> Assignment
Transcribe every line of the material below without change, apart from dropping the pictures.

> Supplied information
▬▬▬▬▬▬

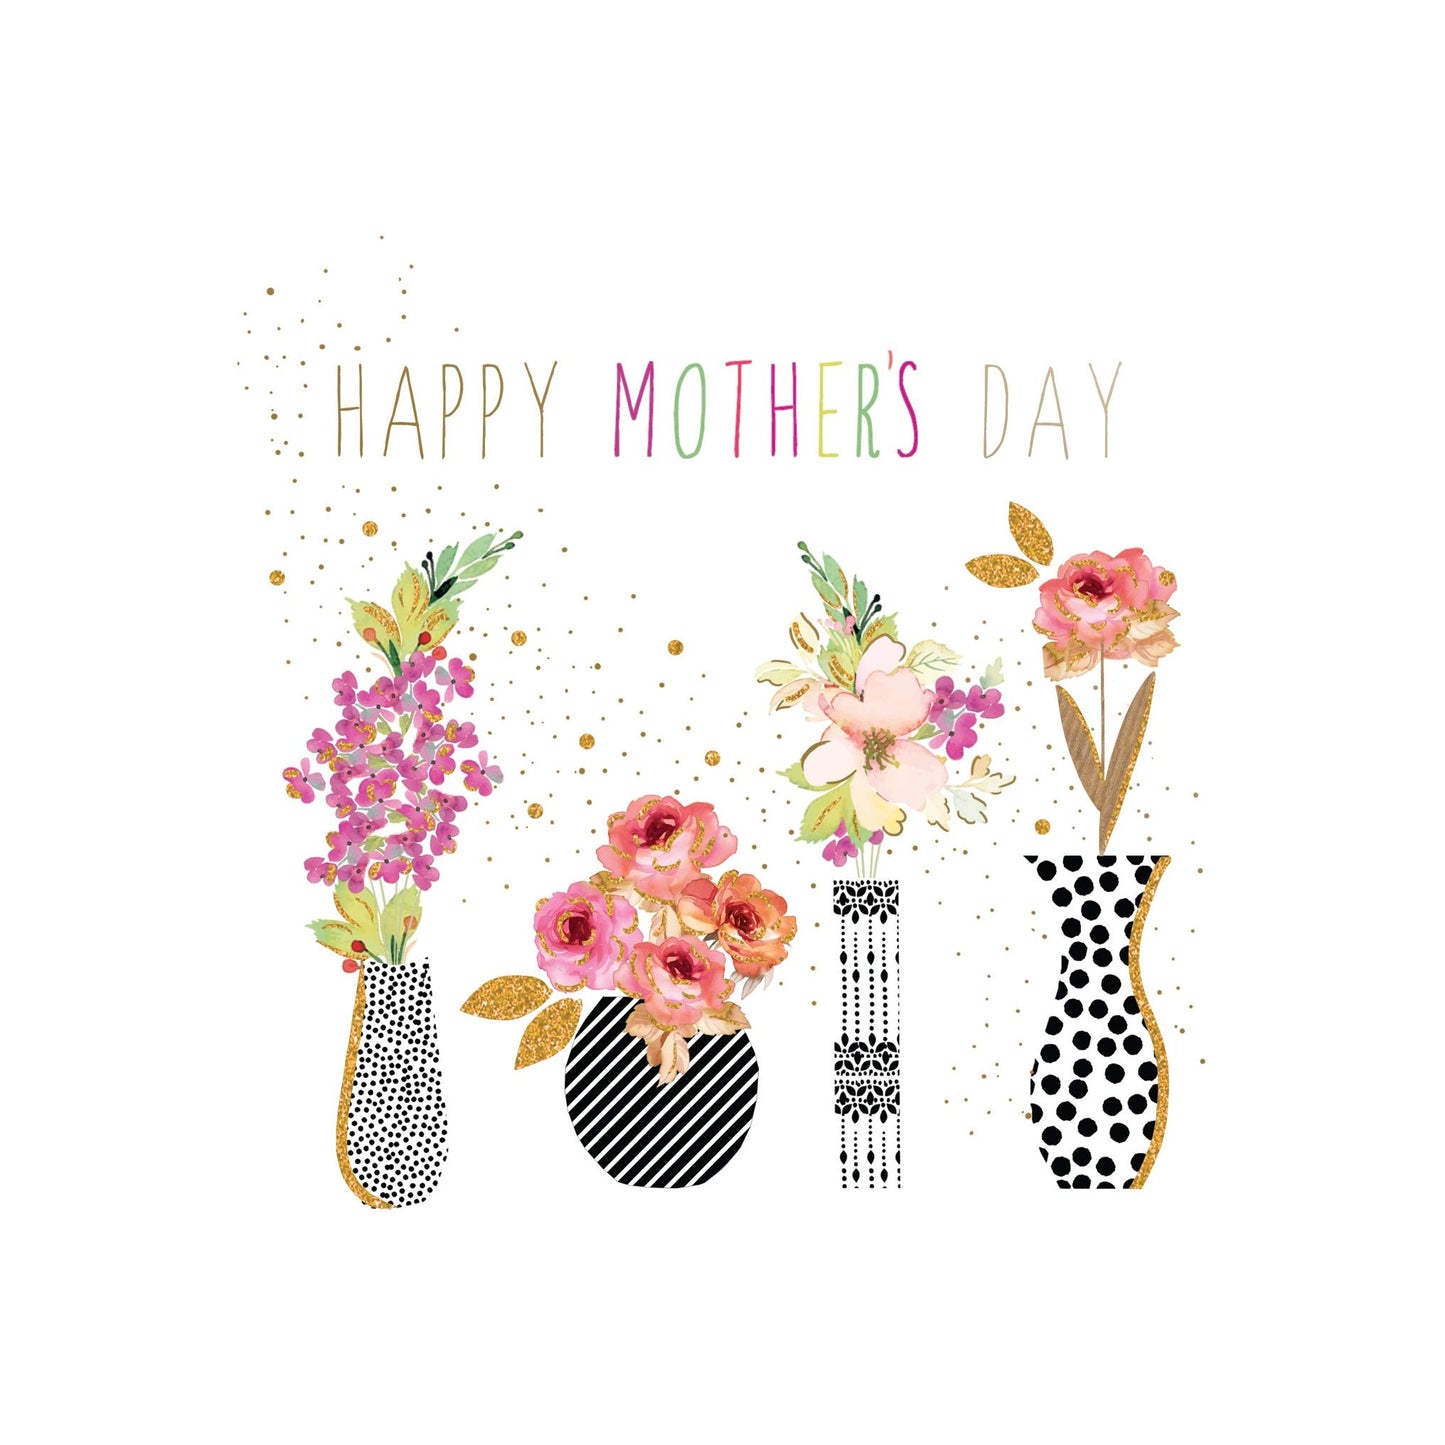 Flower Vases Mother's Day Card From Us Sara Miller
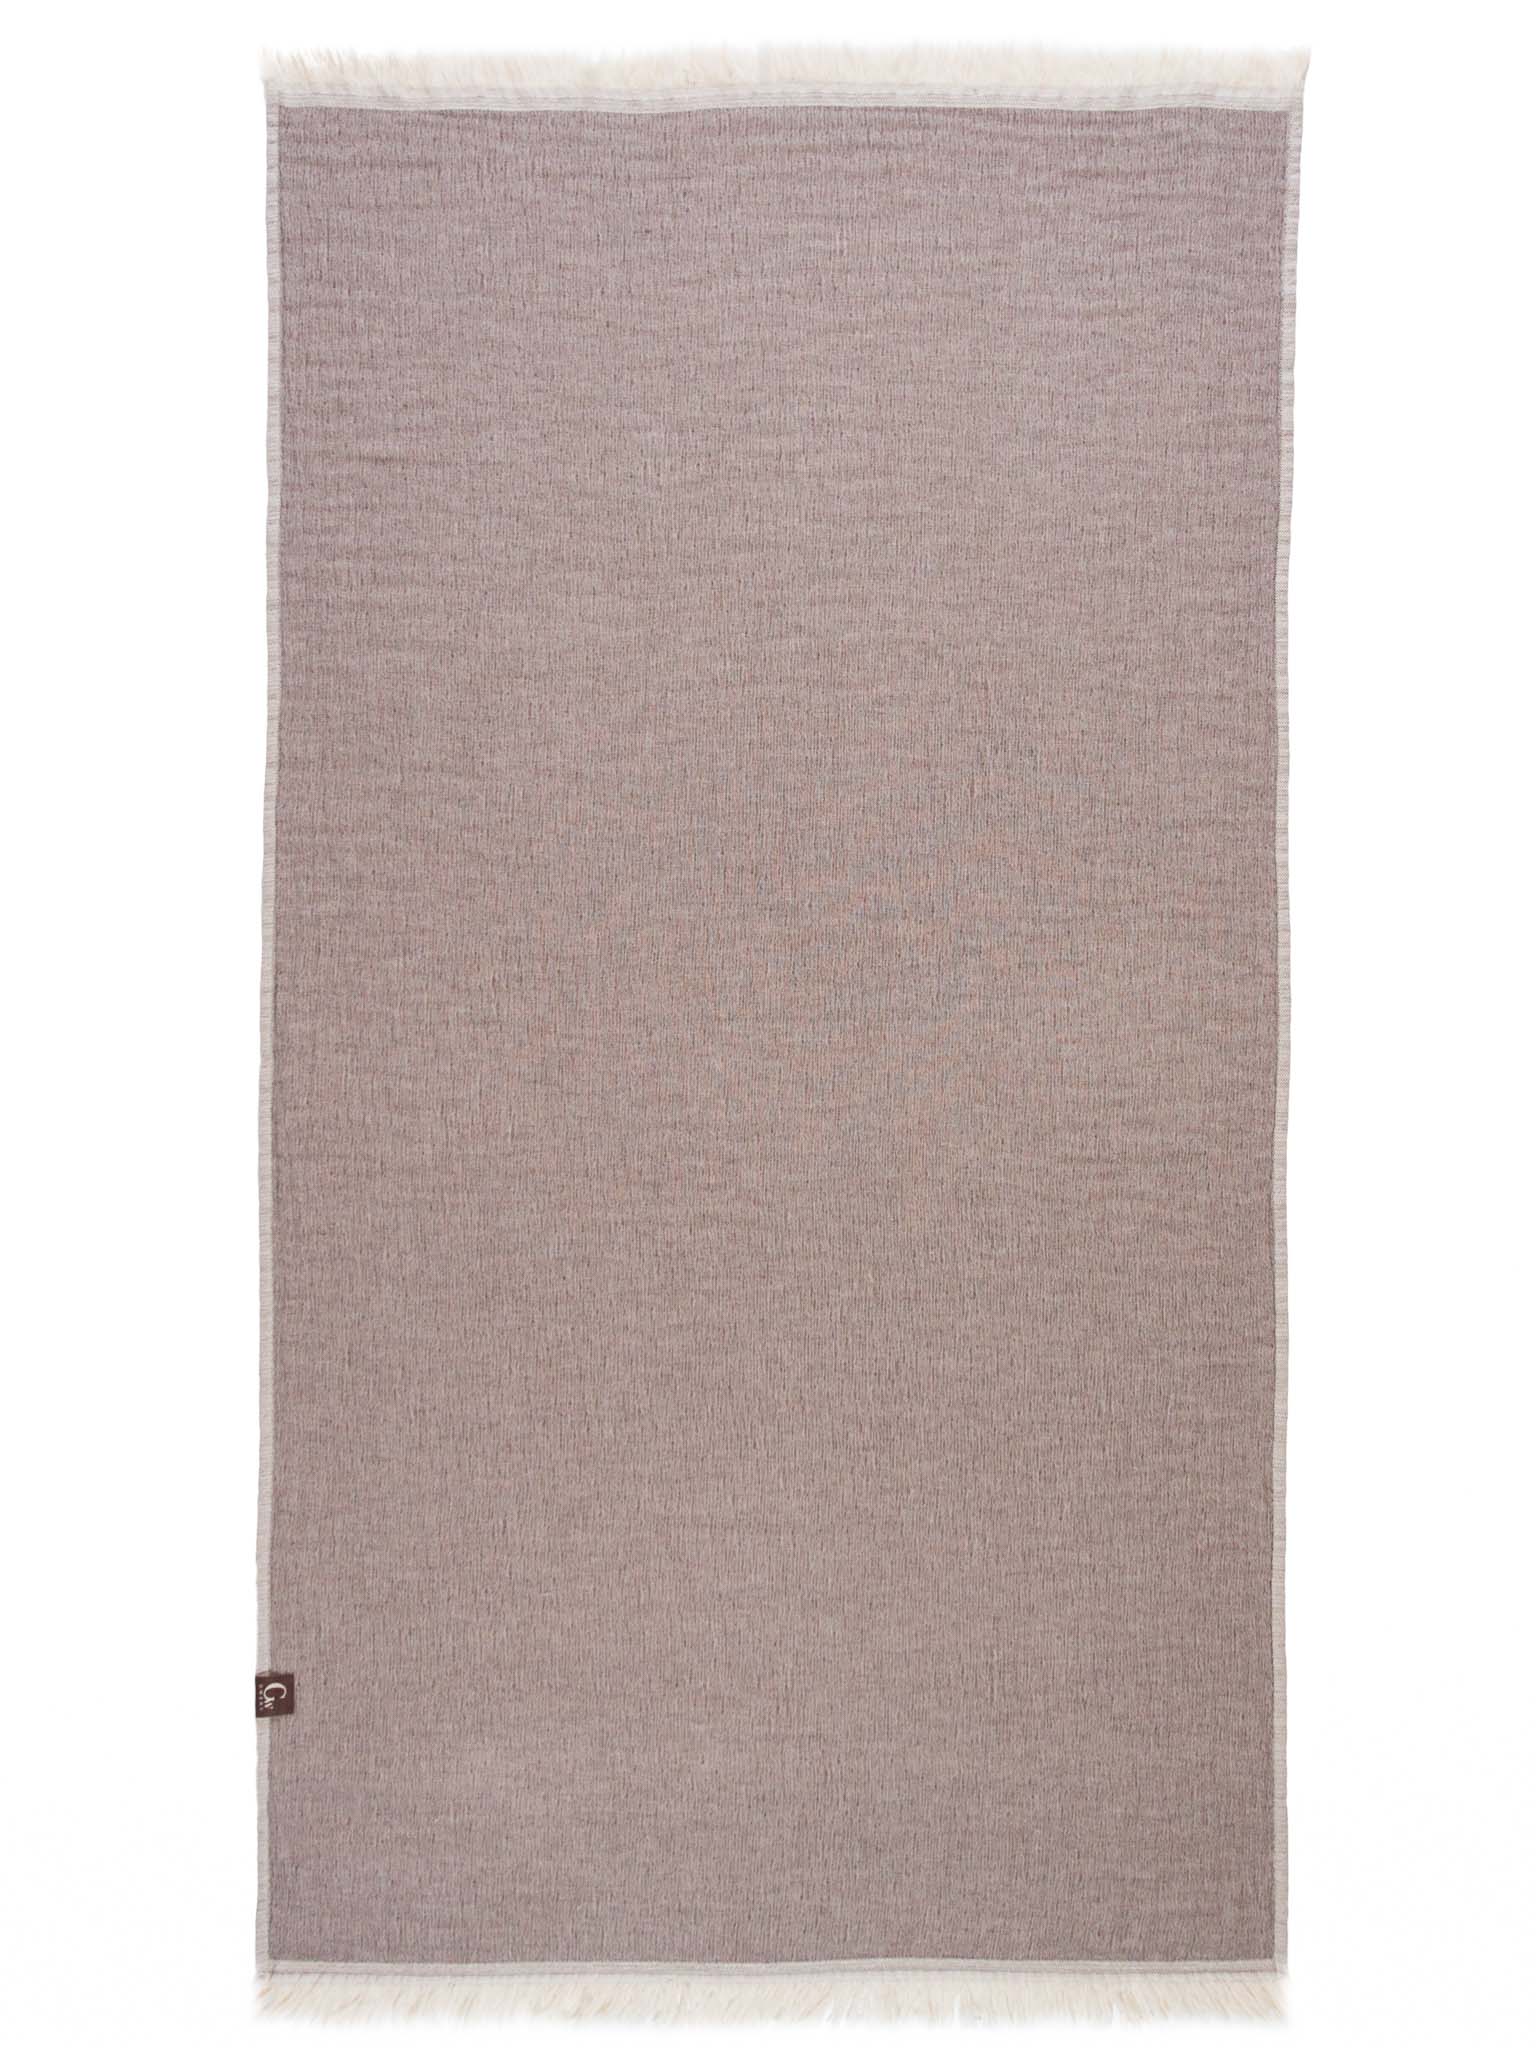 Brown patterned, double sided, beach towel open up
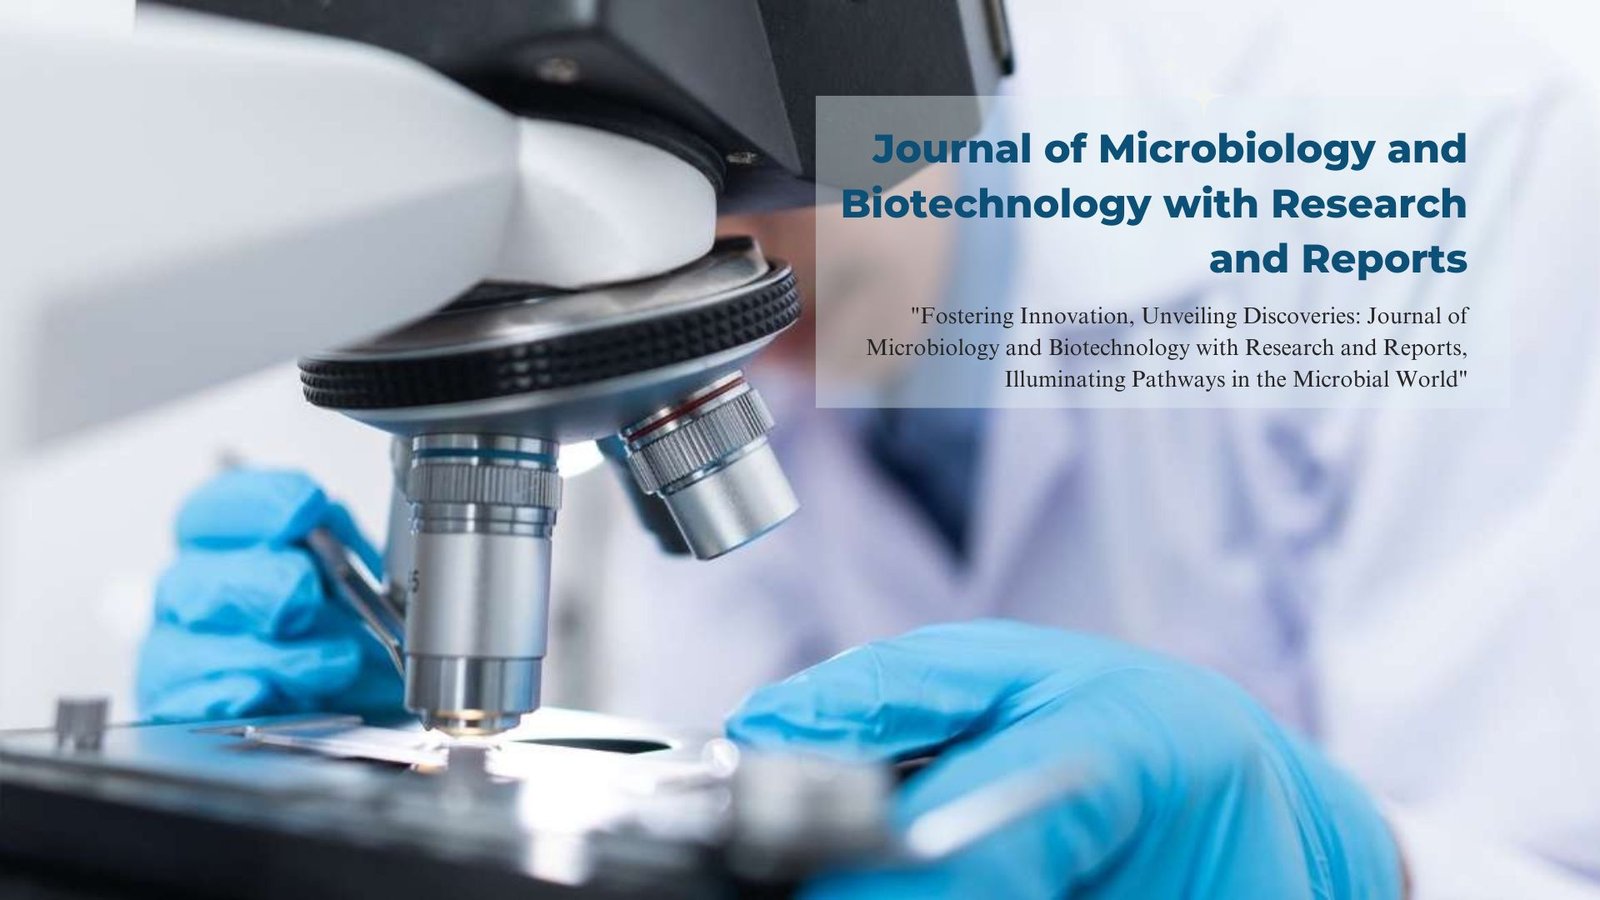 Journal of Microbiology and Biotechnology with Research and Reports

▬▬▬▬▬▬

> Result of this exercise
 Flower Vases Mother's Day Card From Us Sara Miller
 Brown patterned, double sided, beach towel open up
 Journal of Microbiology and Biotechnology with Research and Reports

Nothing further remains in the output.